Segment Start: Given data
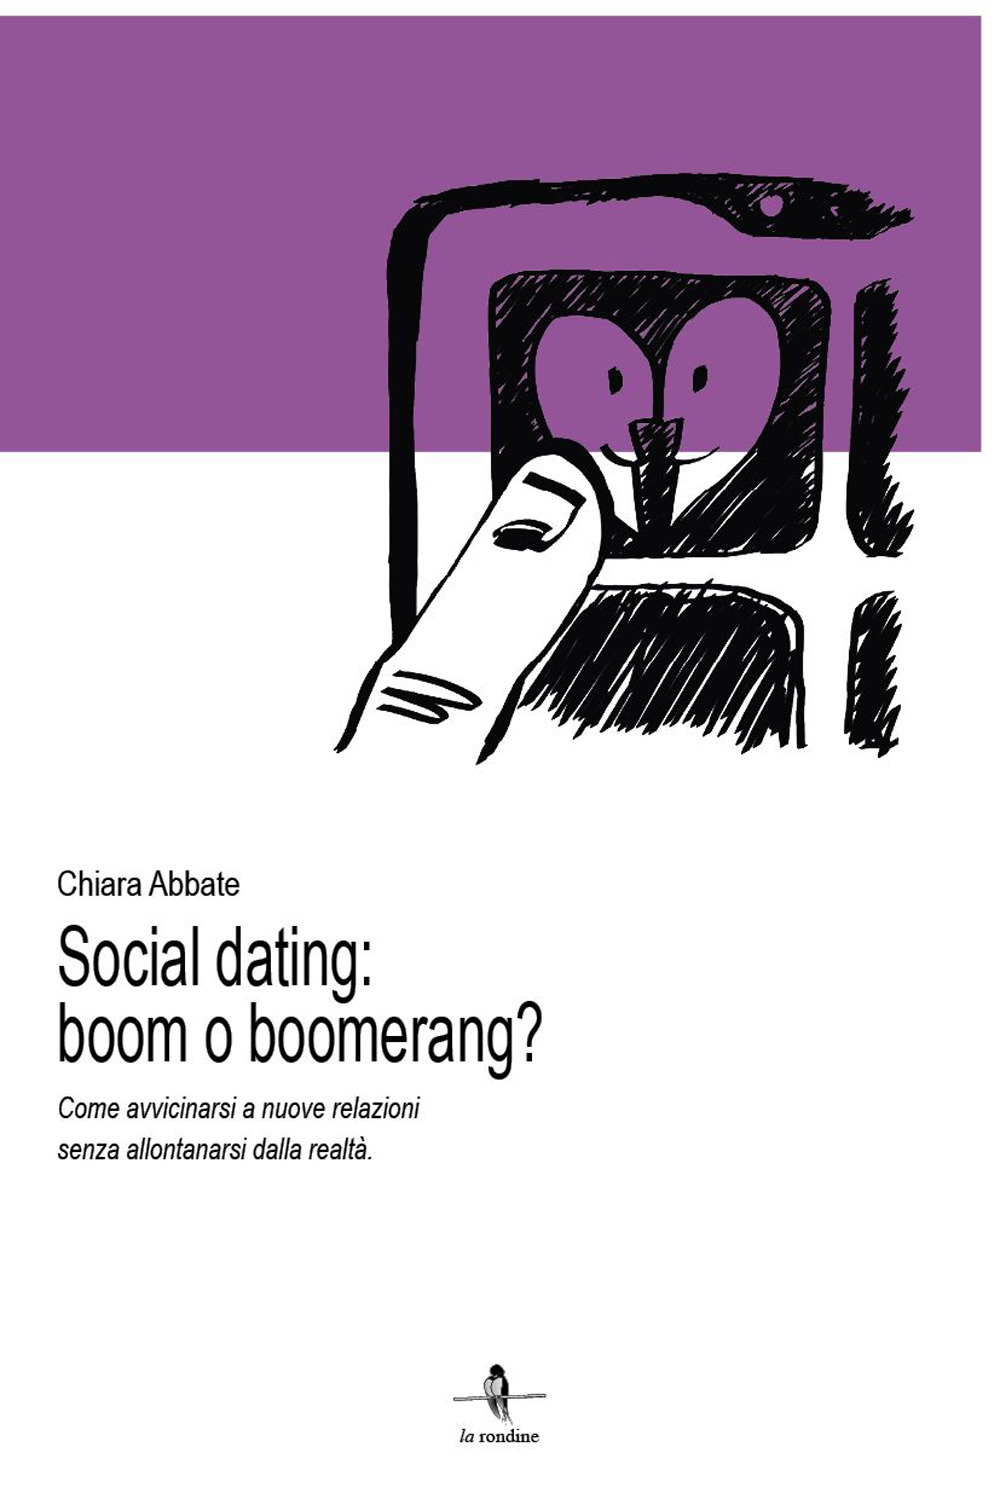 Social dating: boom o boomerang? Come avvicinarsi a nuove relazioni senza allontanarsi dalla realtà
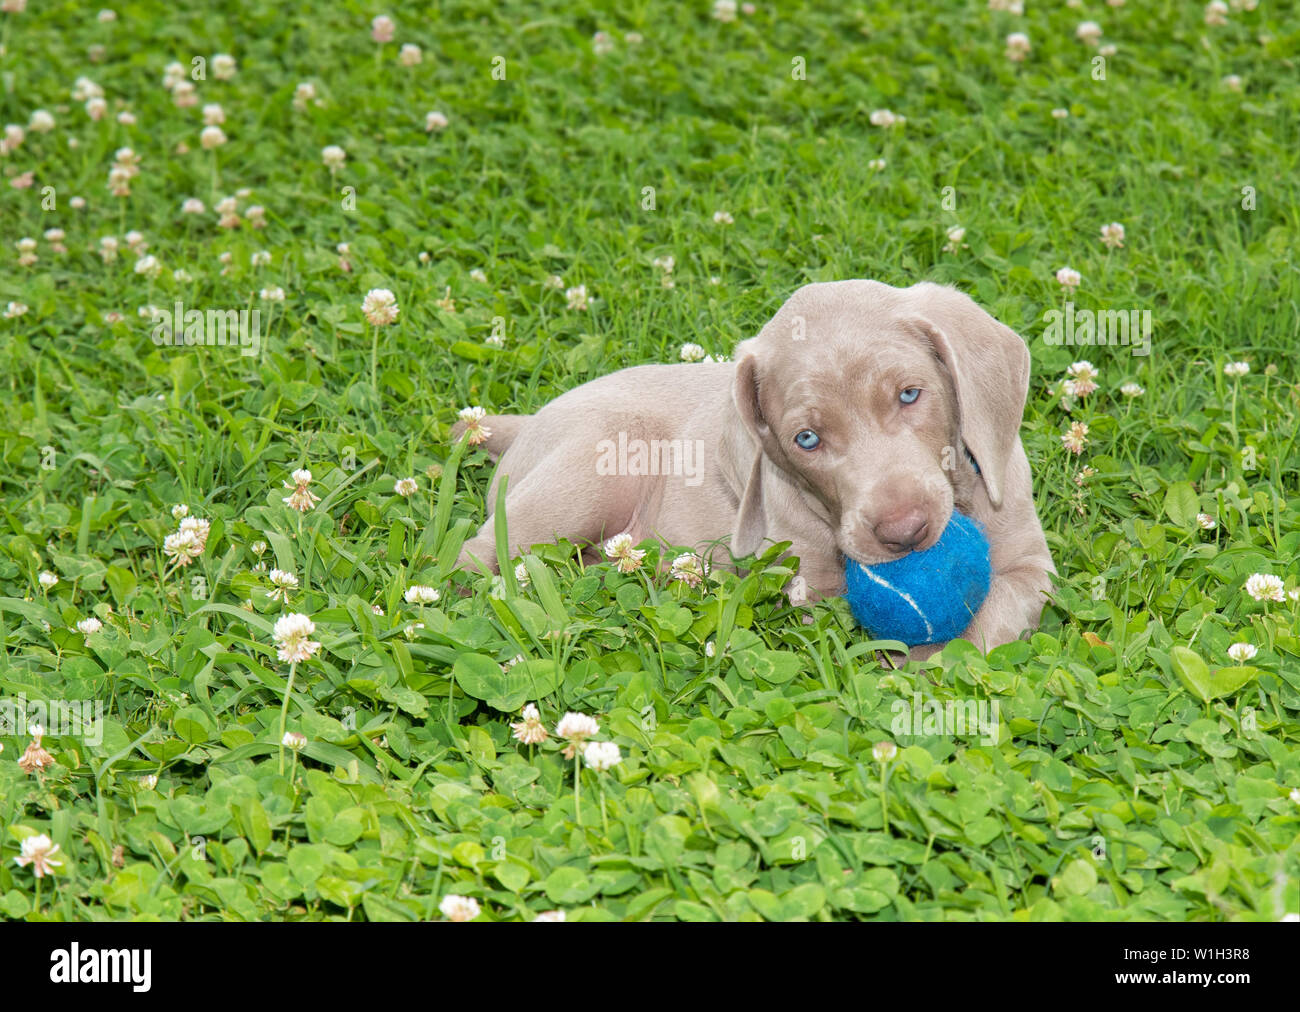 Braque de Weimar chiot tenant une boule bleue dans sa bouche tout en étant allongé dans l'herbe Banque D'Images
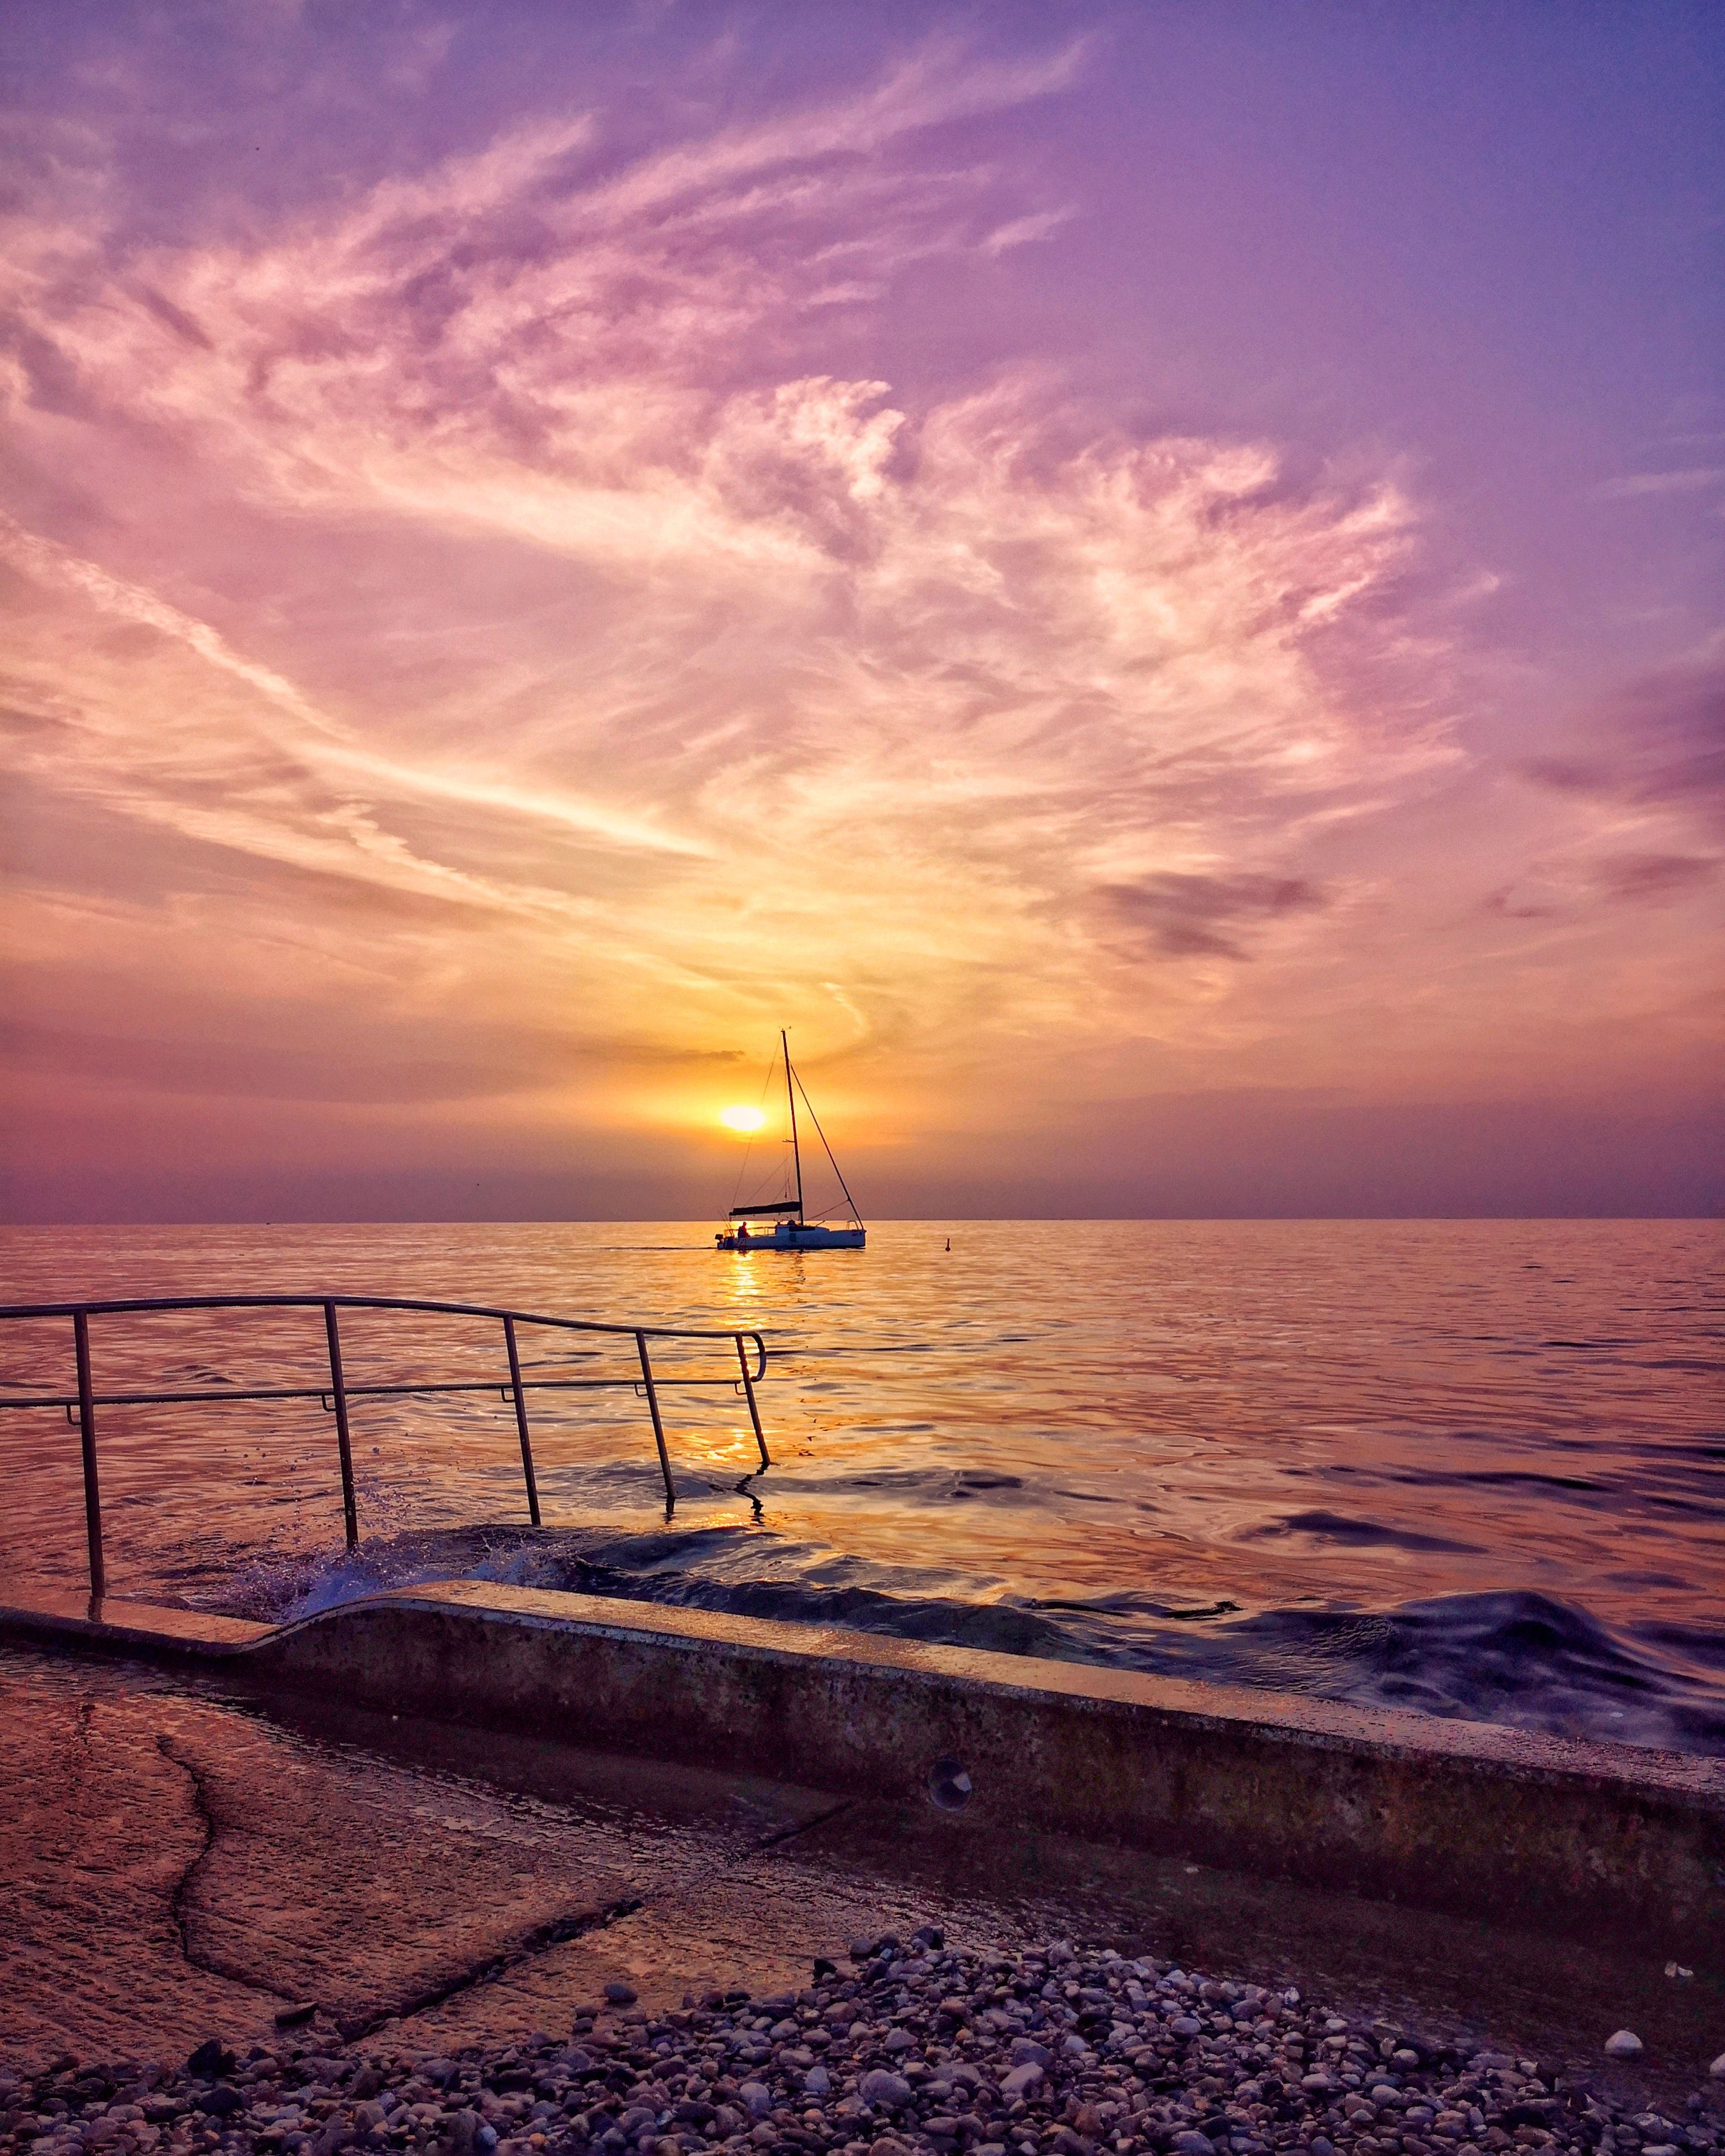  Sonnenuntergang Hintergrundbild 2976x3720. 100.Sonnenuntergang Strand Bilder Und Fotos · Kostenlos Downloaden · Stock Fotos
Segment End: Given data
# What is being asked
Omit the pictures and write out exactly the lines from the one containing "Braque de Weimar" through the last line of the material.

# Answer to the problem
 Braque de Weimar chiot tenant une boule bleue dans sa bouche tout en étant allongé dans l'herbe Banque D'Images
  Sonnenuntergang Hintergrundbild 2976x3720. 100.Sonnenuntergang Strand Bilder Und Fotos · Kostenlos Downloaden · Stock Fotos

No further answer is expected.